В 1821 году Гоголя определили в Нежинскую (то есть открытую в городе Нежине) гимназию высших наук. Здание выглядит грандиозно, и устраивали это заведение по образцу Царскосельского лицея. Образование там давали пестрое, как водится, с заметным влияние польских схоластических традиций, со склонностью к «правильной» риторике, всяким фигурам речи, что очень заметно в тяжеленных гоголевских ритмах. Его интонации, увы, так до конца и отдавали ораторскими приемами и ухватками. Не обошлось в этой гимназии и без крамолы (связанной с преподаванием естественного права, что случалось часто). Гоголь вынес оттуда страстное желание служить человечеству, быть полезным – горячее, вполне (и до конца) искреннее и в то же время совершенно предсказуемое, просветительское по сути. Первое, что пришло ему в голову, это служба на юридическом поприще – потому что столько беззаконий творится в мире, и где же больше требуется честность и неподкупность, как в суде? Был и еще один замысел…
Начало карьеры.
В 1829 году Гоголь, закончив Нежинскую гимназию, едет в Петербург. Пытается устроиться на службу, что получается не сразу, бедствует. Не отказывается и от тайного плана – стать великим литератором. Для этого он тратит деньги, которые следовало внести как налог на родительское имение, на издание за свой счет романтической  идиллической поэмы «Ганц Кюхельгартен» (под псевдонимом В. Алов). Поэму эту можно почитать в собраниях сочинений – текст сохранился, хотя и чудом. Из тиража уцелели всего около 30 экземпляров, раскупленных разными лицами. Все остальное автор сжег, поскольку критика отозвалась о его произведении без восторга, как о нормальном юном эпигонстве – в лучшем случае. А в худшем высмеяла без пощады.  Кстати, не так уж и плоха эта поэма, но и не особенно интересна.

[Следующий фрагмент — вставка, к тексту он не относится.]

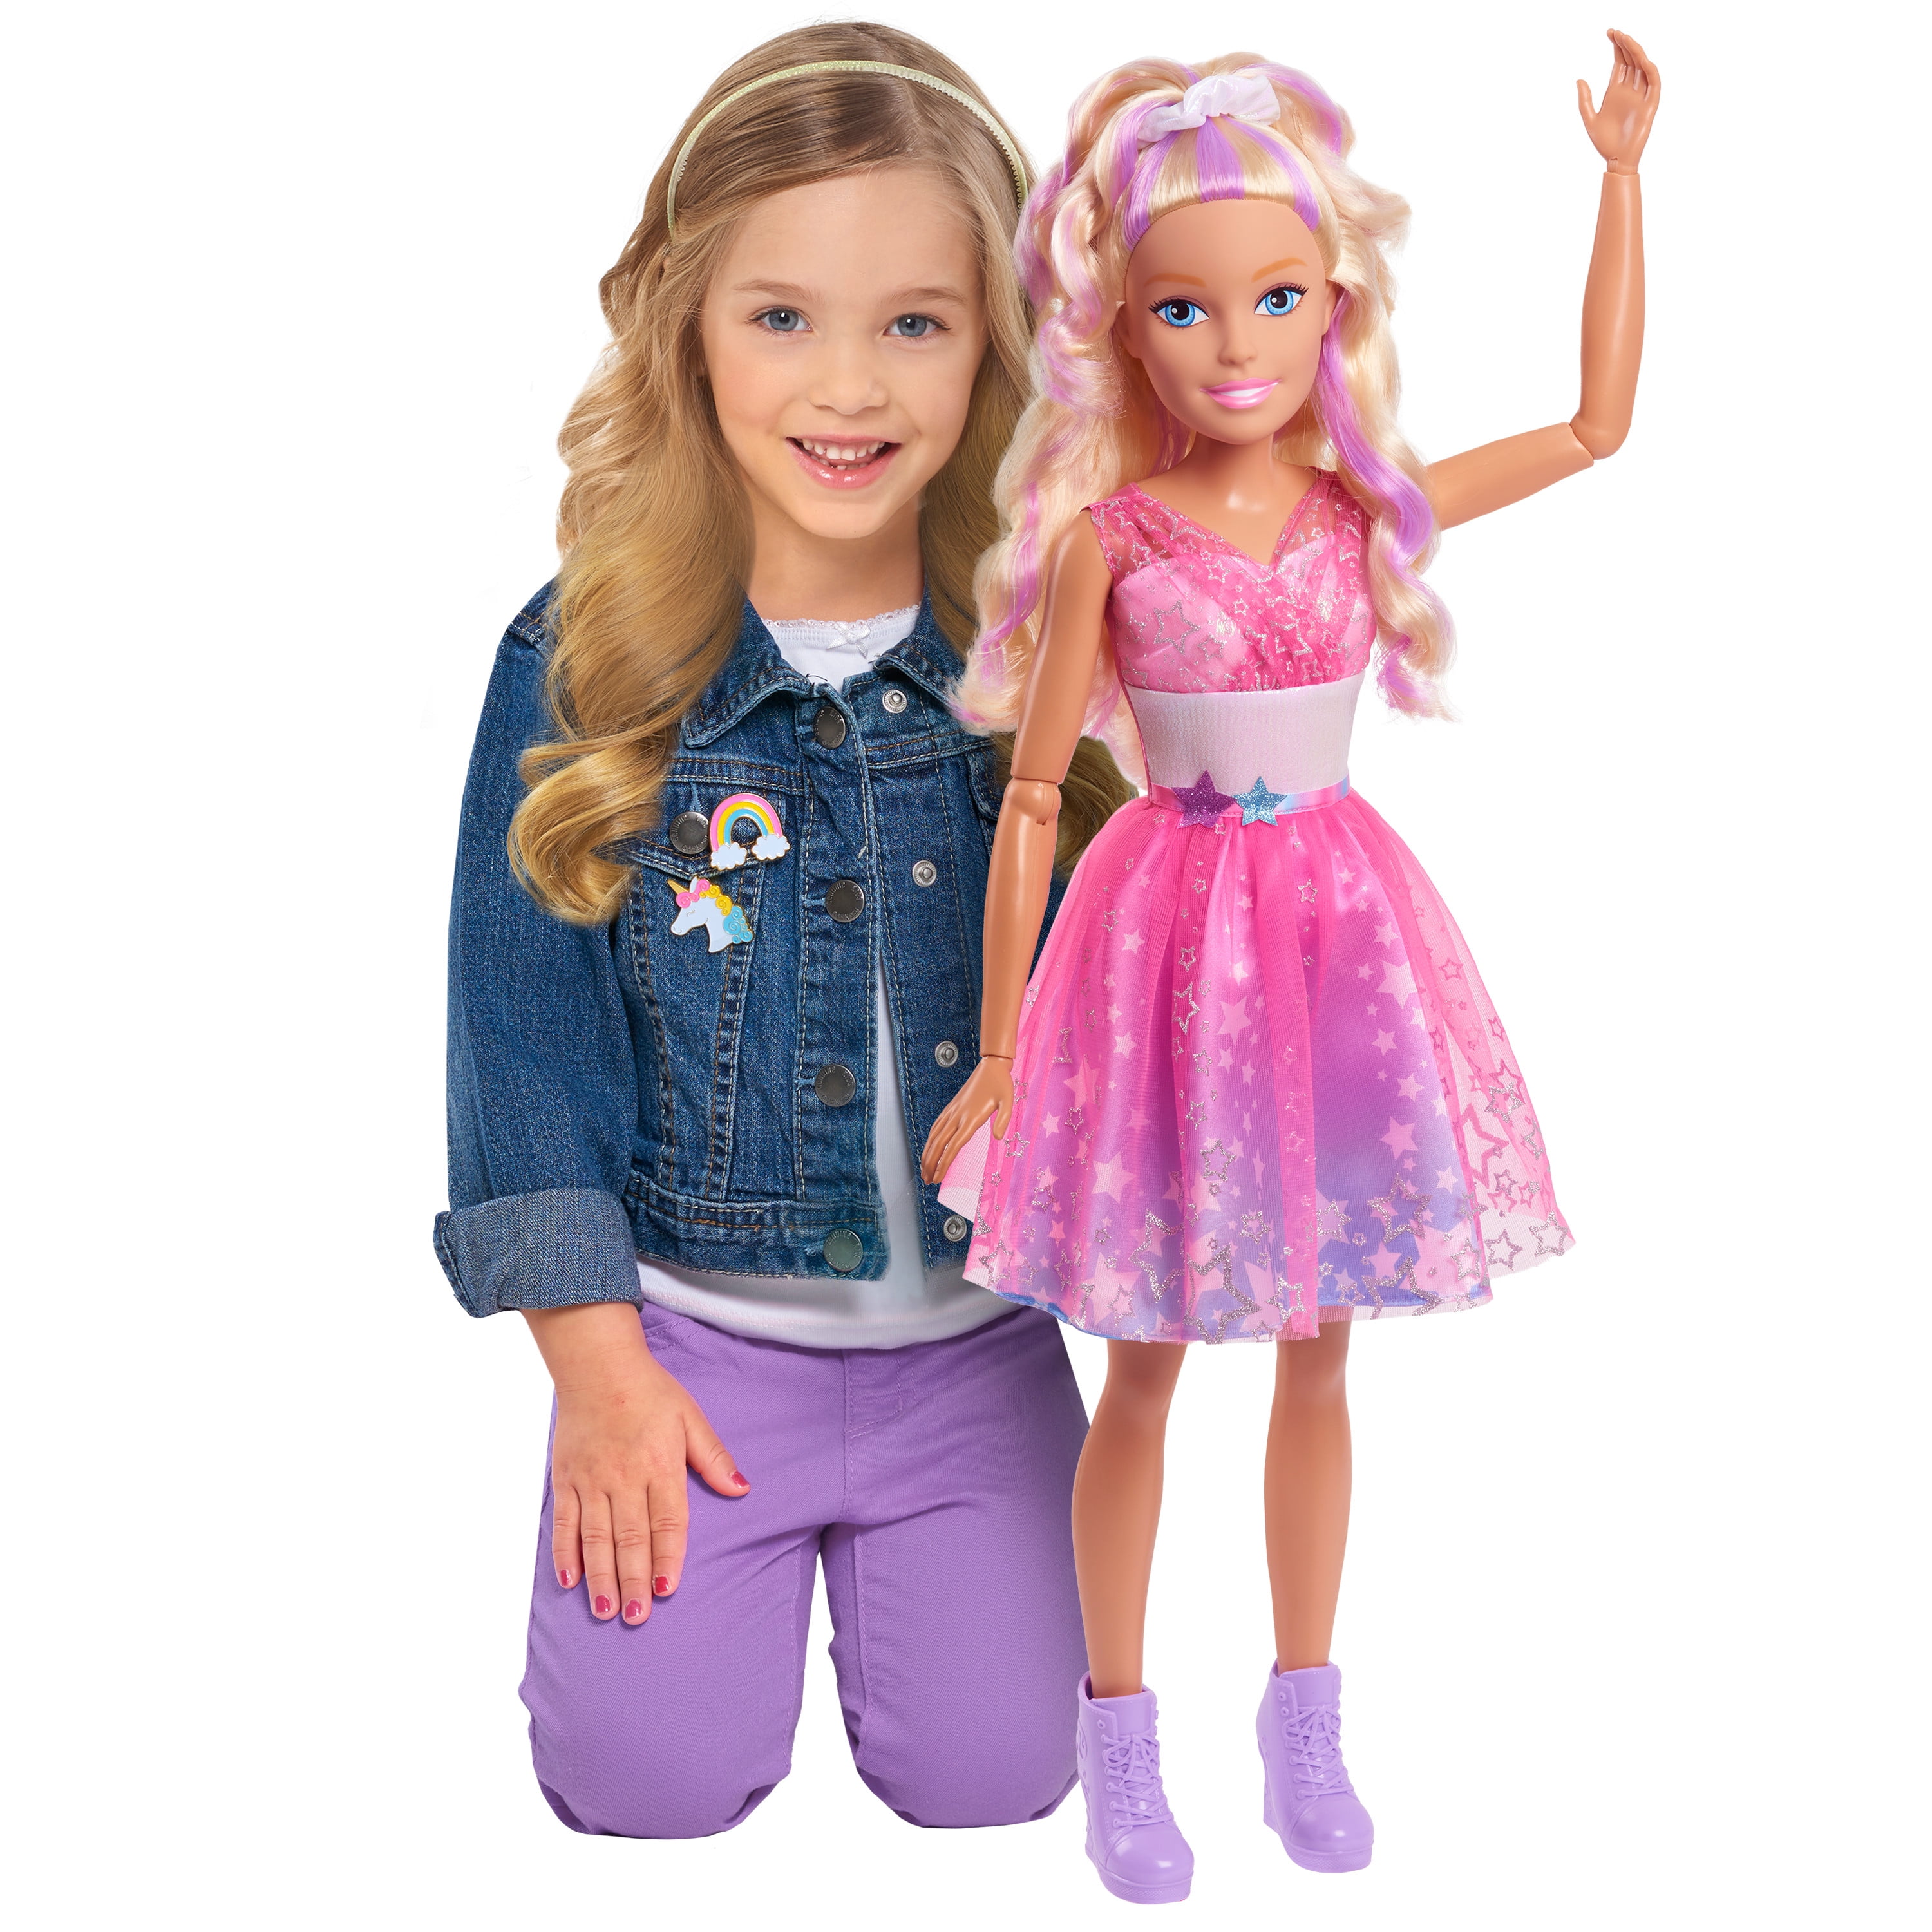 en gang sortere reparatøren Barbie 28-Inch Best Fashion Friend Star Power Doll, Blonde Hair, Kids Toys  for Ages 3 Up, Gifts and Presents - Walmart.com
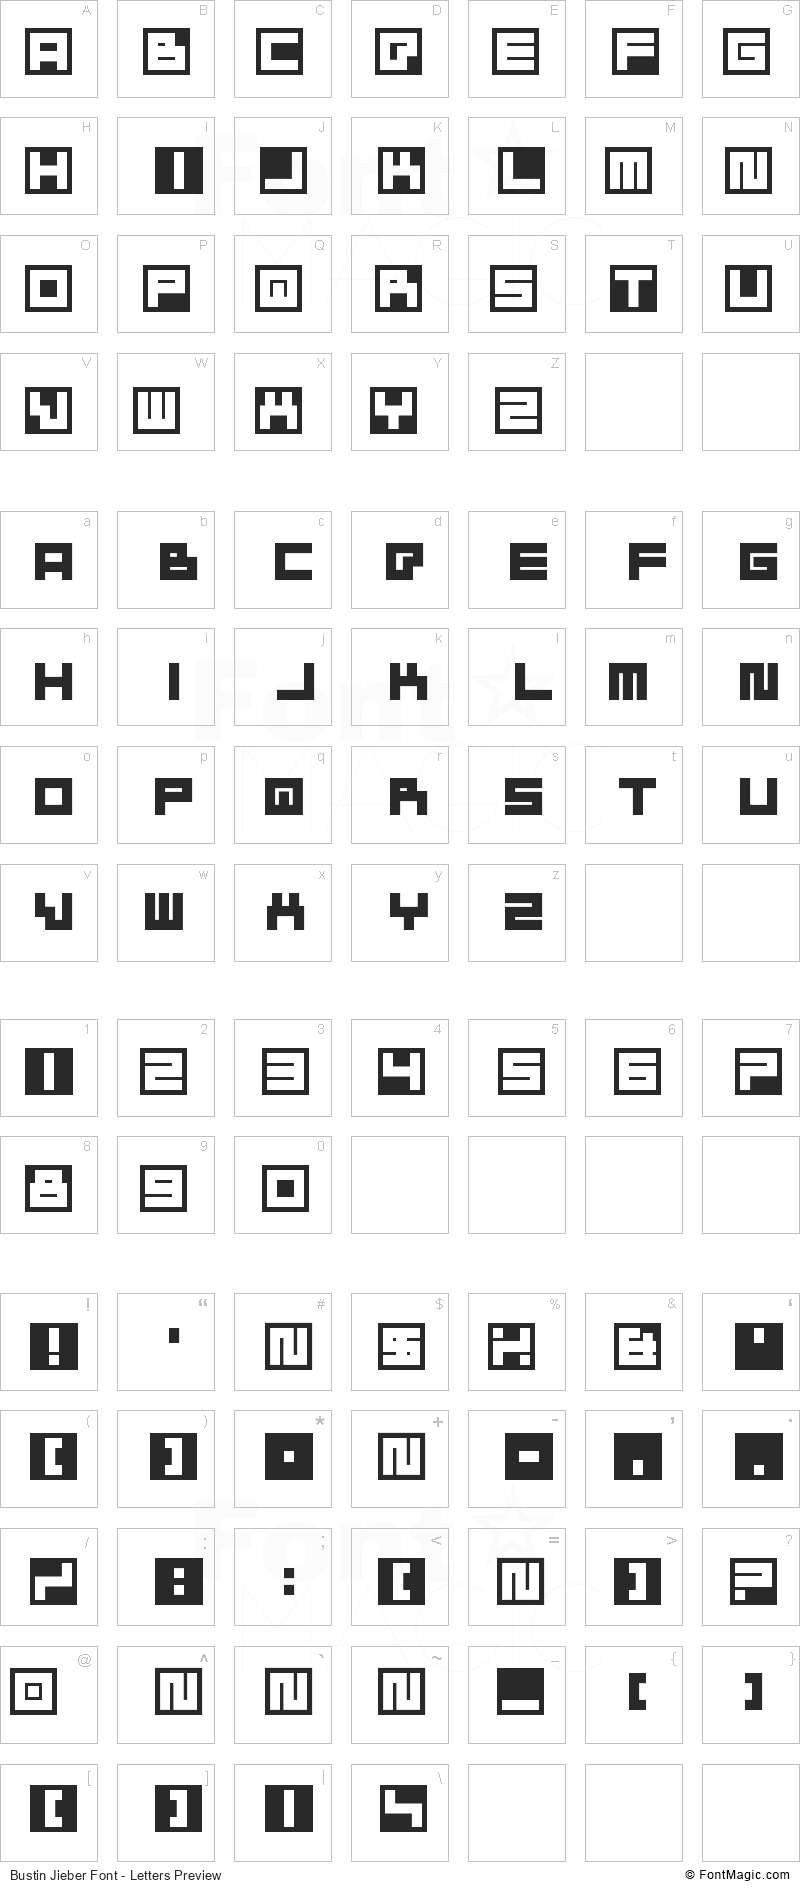 Bustin Jieber Font - All Latters Preview Chart

Гоголь воспринял свой провал как катастрофу и от вселенского стыда (как будто всем было известно, что именно его поэма не стала литературным событием) уехал на остаток денег в Германию, а матушке все это объяснил какой-то неземной и несчастной любовью, от которой пришлось лечить нервы (и «признаться»  в которой ему оказалось проще, чем в своем литературном поражении; Набоков, впрочем, считает эту любовь не очень убедительной выдумкой). Матушка, разумеется, разгневалась. Да и подати пришлось собирать по второму разу…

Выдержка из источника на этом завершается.